The image of a square of a rectangular grid with some diffeomorphism of this square into itself.
A diffeomorphism is a mapping of a certain type between smooth manifolds.
Content
Definition
Diffeomorphism is a one-to-one and smooth mapping smooth variety into smooth variety , the converse of which is also smooth.
Usually, smoothness is understood as -smoothness, but diffeomorphisms with a different type of smoothness, in particular, of the class at any kind .
Examples
The simplest examples of diffeomorphisms are non-degenerate linear (affine) transformations of vector (resp. Affine) spaces of the same dimension.
Related Definitions
- If for and there is a diffeomorphism then they say that and diffeomorphic .

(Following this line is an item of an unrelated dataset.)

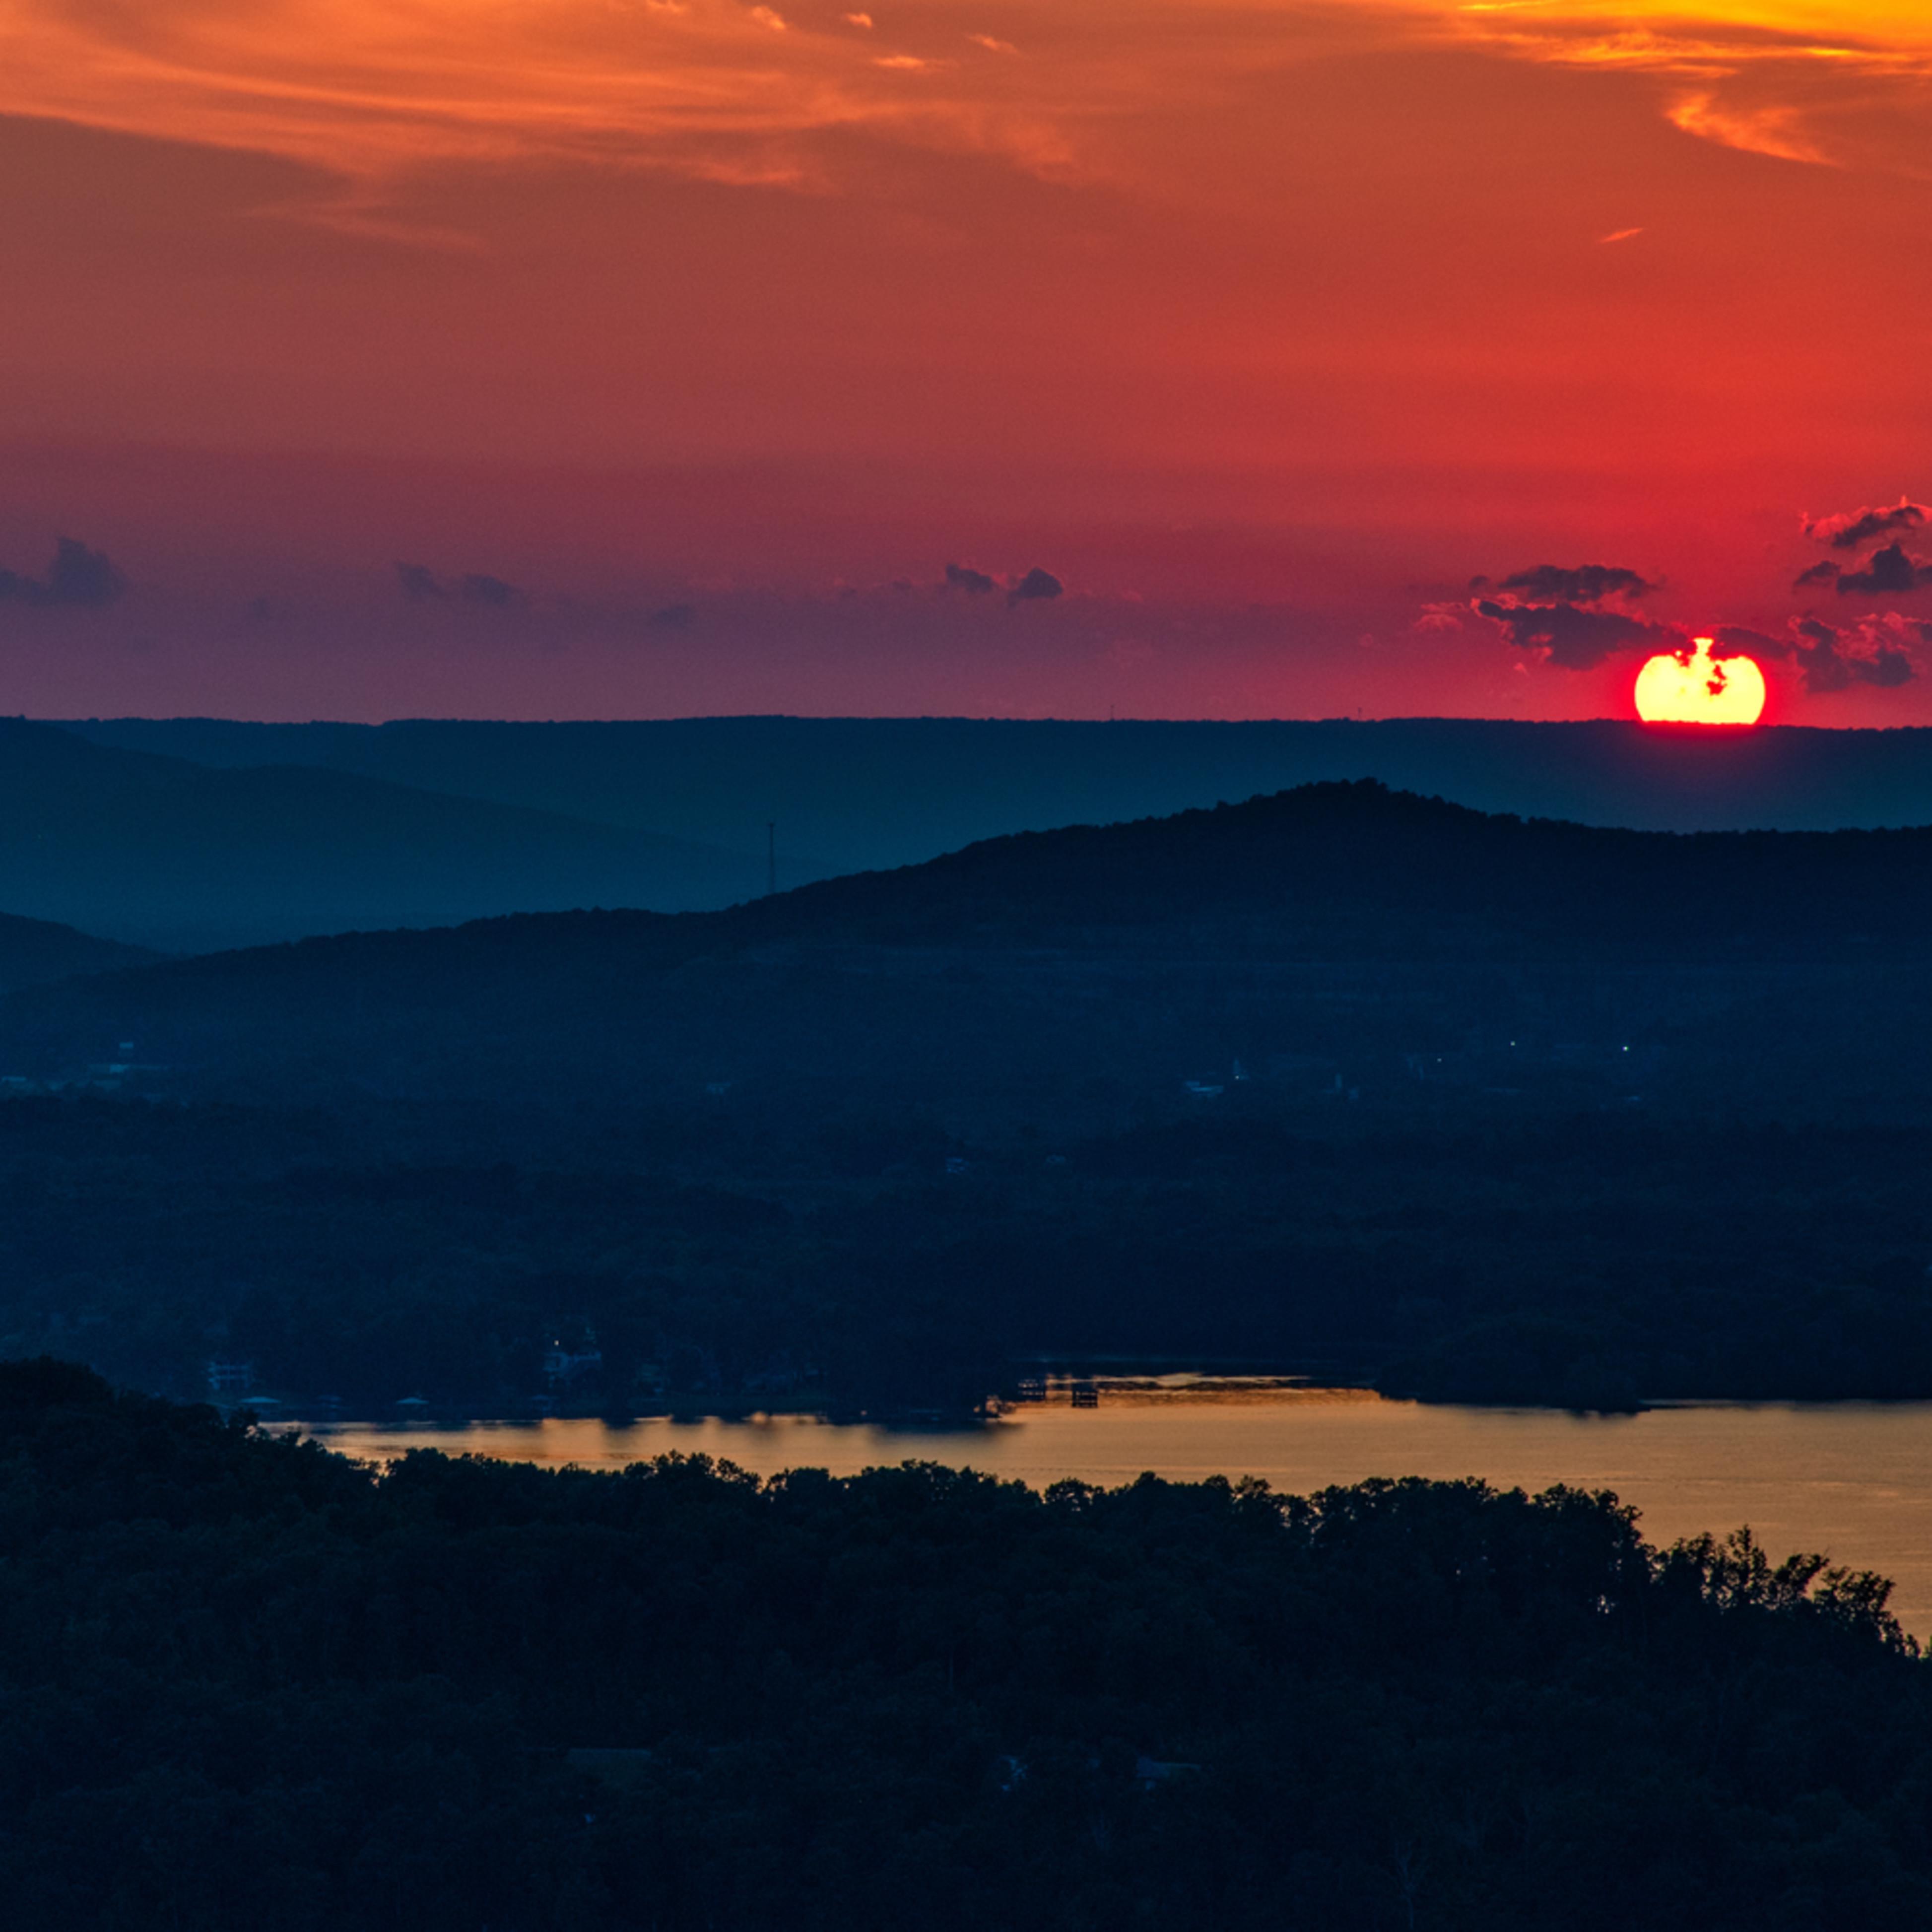 Andy crawford photography lake guntersville sunset 001 uowzle

- This relationship is usually denoted by .
- Note that only manifolds of the same dimension can be diffeomorphic.
- The set of diffeomorphisms of a manifold forms a group called a group of diffeomorphisms and denoted by .

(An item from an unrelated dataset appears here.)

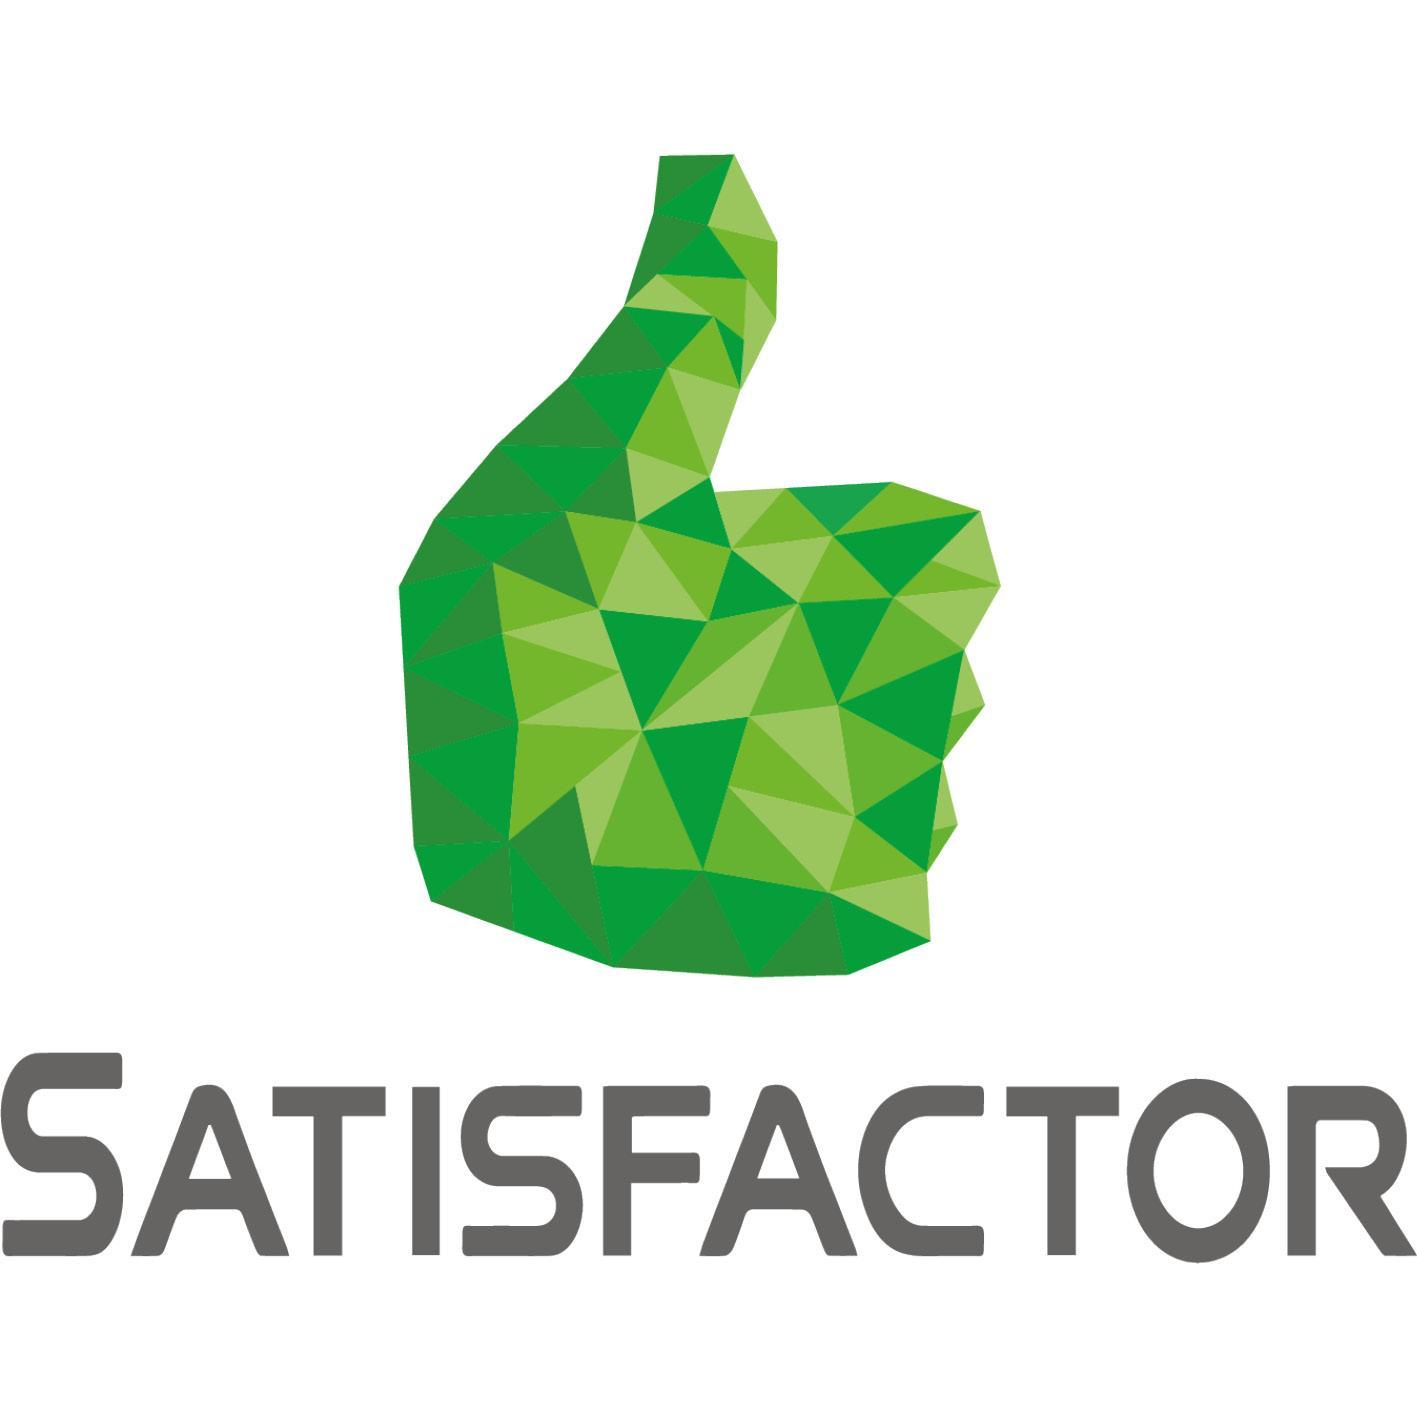 SATISFACTOR Sarl logo

- Display called a local diffeomorphism at the point if its restriction to some neighborhood of a point is a diffeomorphism to some neighborhood of the point .
Properties
- Any diffeomorphism is a homeomorphism.
- The converse is not true. Moreover, there exist homeomorphic but not diffeomorphic smooth manifolds.
- One-to-one mapping is a diffeomorphism if and only if - A smooth mapping and its Jacobian is nowhere equal to zero.
See also
- Homeomorphism
Literature
- Zorich V.A. Mathematical analysis. - M .: Fizmatlit , 1984. - 544 p.
- Milnor J., Wallace A. Differential topology (elementary course), - Any publication.
- Hirsch M. Differential Topology, - Any publication.
- Spivak M. Mathematical analysis on manifolds. - M .: Mir, 1968.